From Passages the most direct association to Adventures of a Brown Man in Search of a Civilization can be made to those films in the programme that preoccupy themselves with the lives of individuals who have lived between various geographical contexts. These include Ayisha Abraham’s I Saw A God Dance (2011) about the self exoticizing, transracial gay dancer Ram Gopal who popularized Indian classical dance in the West during the early half of the twentieth century; an extract from Leslie Thornton’s The Great Invisible (ongoing) which focuses on Isaballe Eberhardt, a Victorian woman who dressed up as a man to travel freely in North Africa during the late nineteenth century, or Aykan Safoglu’s Off White Tulips (2013) a semi personalized account of the queer American writer James Baldwin’s time in Istanbul in the 1960s. The trips made by the filmmaker themselves are also integrated, as in Anita Fernandez’s Un Balcon En Afrique (1980) where Fernandez is seen living in a tree house somewhere in Bissau, observing the city from above, but not physically interacting with it and conversely Narcisa Hirsch’s dreamlike Patagonia (1976) that centers itself on a corporeal engagement with the plains and mountains of Patagonia.

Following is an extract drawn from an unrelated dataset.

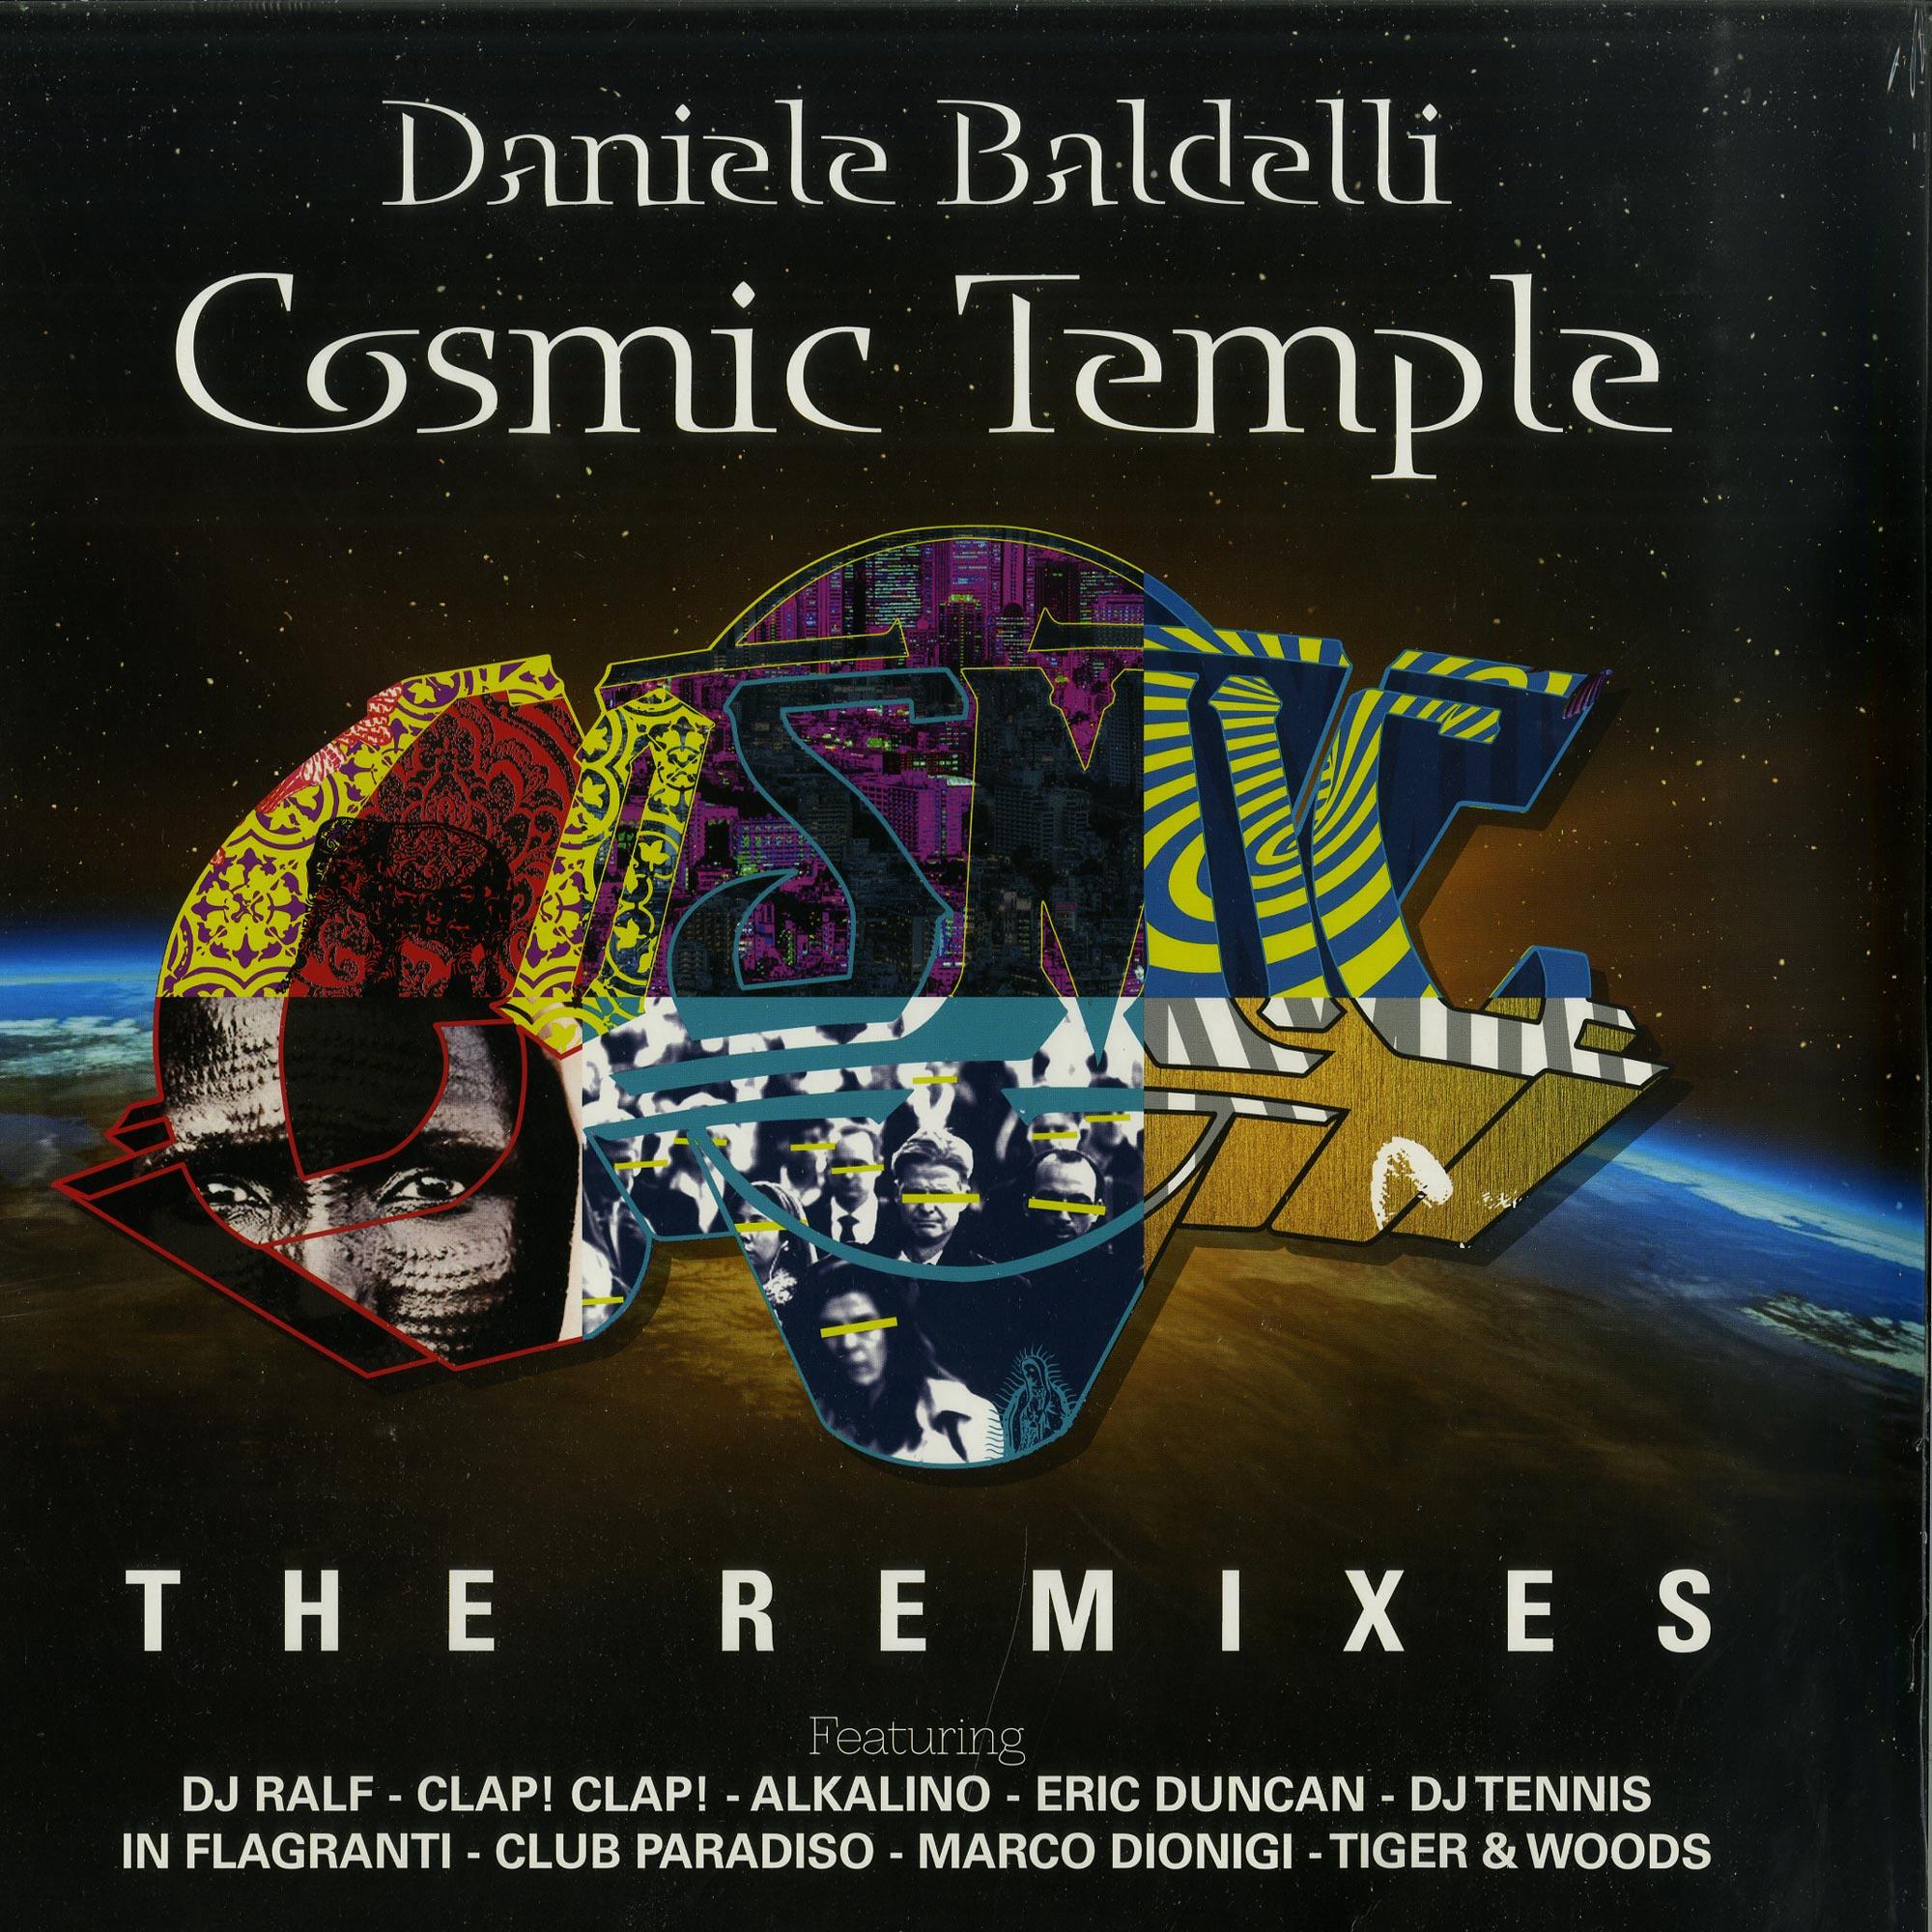 Daniele Baldelli - COSMIC TEMPLE - THE REMIXES

Alongside these films is Mati Diop’s A Thousand Suns (2013) set in contemporary Dakar, which follows the cattle herder Magaye Niang who was the star of one of the most iconic films of African cinema Touki- Bouki (1973) made by Djibril Diop Mambety, who happens to be Mati Diop’s uncle. In Touki-Bouki Niang along with his then companion Mory conspired to find ways to migrate to France, but A Thousand Suns finds them 40 years later still in Dakar, no closer to Paris. The film is a heartbreaking reflection on the notion of self-exile and failed aspirations. Djibril Diop Mamberty himself makes an appearance in Passages in Jean-Pierre Bekolo’s short filmic portrait Grandma’s Grammar (1996) in which the legendary filmmaker ruminates on filmmaking and the potential that the cinematic holds in telling stories of an emotional and affective nature. The subjective and intimate condition of being in exile, and the complexity in expressing these circumstances is further explored in Bouchra Khalili’s Chapter 1: Mother Tongues (2012) from her Speeches Series in which Khalili collaborated with five exiled people based in Paris and its outskirts, inviting them to translate, memorize, and relay fragments of texts from political thought and contemporary culture written by Malcom X, Abdelkrim El Khattabi, Édouard Glissant, Aimé Césaire, and Mahmoud Darwish.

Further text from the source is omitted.